== ENTRIES PROVIDED

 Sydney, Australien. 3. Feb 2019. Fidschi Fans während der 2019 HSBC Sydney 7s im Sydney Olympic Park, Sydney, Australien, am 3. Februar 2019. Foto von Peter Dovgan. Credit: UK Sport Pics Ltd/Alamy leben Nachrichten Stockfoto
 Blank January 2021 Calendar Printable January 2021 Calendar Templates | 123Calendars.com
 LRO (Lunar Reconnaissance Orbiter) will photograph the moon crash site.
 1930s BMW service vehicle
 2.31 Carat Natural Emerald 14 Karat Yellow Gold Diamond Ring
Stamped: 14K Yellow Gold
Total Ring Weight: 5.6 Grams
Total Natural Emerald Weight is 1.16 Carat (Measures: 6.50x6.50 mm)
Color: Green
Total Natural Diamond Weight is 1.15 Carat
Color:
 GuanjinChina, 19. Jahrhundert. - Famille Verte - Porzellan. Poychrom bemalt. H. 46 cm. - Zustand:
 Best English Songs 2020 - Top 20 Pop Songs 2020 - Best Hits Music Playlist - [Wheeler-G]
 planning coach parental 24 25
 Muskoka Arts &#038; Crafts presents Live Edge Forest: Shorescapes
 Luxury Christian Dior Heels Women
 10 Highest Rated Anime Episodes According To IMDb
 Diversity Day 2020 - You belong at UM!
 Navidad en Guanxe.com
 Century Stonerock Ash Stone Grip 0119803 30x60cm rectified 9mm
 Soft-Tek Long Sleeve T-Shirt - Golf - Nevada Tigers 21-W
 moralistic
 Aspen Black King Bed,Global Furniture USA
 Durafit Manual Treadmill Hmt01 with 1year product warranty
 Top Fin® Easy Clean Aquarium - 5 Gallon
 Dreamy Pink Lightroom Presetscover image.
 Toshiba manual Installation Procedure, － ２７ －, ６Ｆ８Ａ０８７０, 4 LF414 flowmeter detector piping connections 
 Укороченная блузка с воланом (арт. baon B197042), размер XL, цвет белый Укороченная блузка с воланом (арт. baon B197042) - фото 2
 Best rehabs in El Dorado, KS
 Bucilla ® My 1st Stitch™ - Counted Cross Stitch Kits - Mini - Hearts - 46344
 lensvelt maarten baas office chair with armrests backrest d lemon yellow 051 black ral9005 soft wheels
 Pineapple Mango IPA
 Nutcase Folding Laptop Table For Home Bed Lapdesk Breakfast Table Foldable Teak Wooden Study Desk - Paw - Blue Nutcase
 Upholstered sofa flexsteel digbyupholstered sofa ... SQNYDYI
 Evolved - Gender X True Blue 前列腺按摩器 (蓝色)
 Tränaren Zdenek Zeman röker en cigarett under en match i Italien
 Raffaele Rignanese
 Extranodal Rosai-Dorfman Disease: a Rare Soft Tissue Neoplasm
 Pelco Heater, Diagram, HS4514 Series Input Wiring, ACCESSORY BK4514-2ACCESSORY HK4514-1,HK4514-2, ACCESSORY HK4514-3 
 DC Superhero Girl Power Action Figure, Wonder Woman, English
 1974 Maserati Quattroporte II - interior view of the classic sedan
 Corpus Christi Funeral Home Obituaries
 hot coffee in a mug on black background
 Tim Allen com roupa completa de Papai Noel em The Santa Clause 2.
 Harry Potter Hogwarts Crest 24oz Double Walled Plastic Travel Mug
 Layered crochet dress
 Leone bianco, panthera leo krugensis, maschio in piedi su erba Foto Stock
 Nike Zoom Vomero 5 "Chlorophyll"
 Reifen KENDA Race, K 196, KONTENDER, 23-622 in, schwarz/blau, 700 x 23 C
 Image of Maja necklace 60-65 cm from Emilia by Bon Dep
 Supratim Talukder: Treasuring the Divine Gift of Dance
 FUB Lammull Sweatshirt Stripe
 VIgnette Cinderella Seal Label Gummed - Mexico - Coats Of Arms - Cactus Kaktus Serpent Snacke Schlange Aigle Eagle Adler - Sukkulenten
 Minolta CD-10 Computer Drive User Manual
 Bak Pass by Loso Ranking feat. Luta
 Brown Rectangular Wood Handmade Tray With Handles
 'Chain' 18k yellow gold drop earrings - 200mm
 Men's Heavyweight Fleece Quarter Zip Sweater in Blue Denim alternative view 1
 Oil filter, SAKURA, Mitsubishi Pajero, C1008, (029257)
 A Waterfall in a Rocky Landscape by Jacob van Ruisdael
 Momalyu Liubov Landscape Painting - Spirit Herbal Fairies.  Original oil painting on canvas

====

All lines in the listing above with the string "English" should be returned.

 Best English Songs 2020 - Top 20 Pop Songs 2020 - Best Hits Music Playlist - [Wheeler-G]
 DC Superhero Girl Power Action Figure, Wonder Woman, English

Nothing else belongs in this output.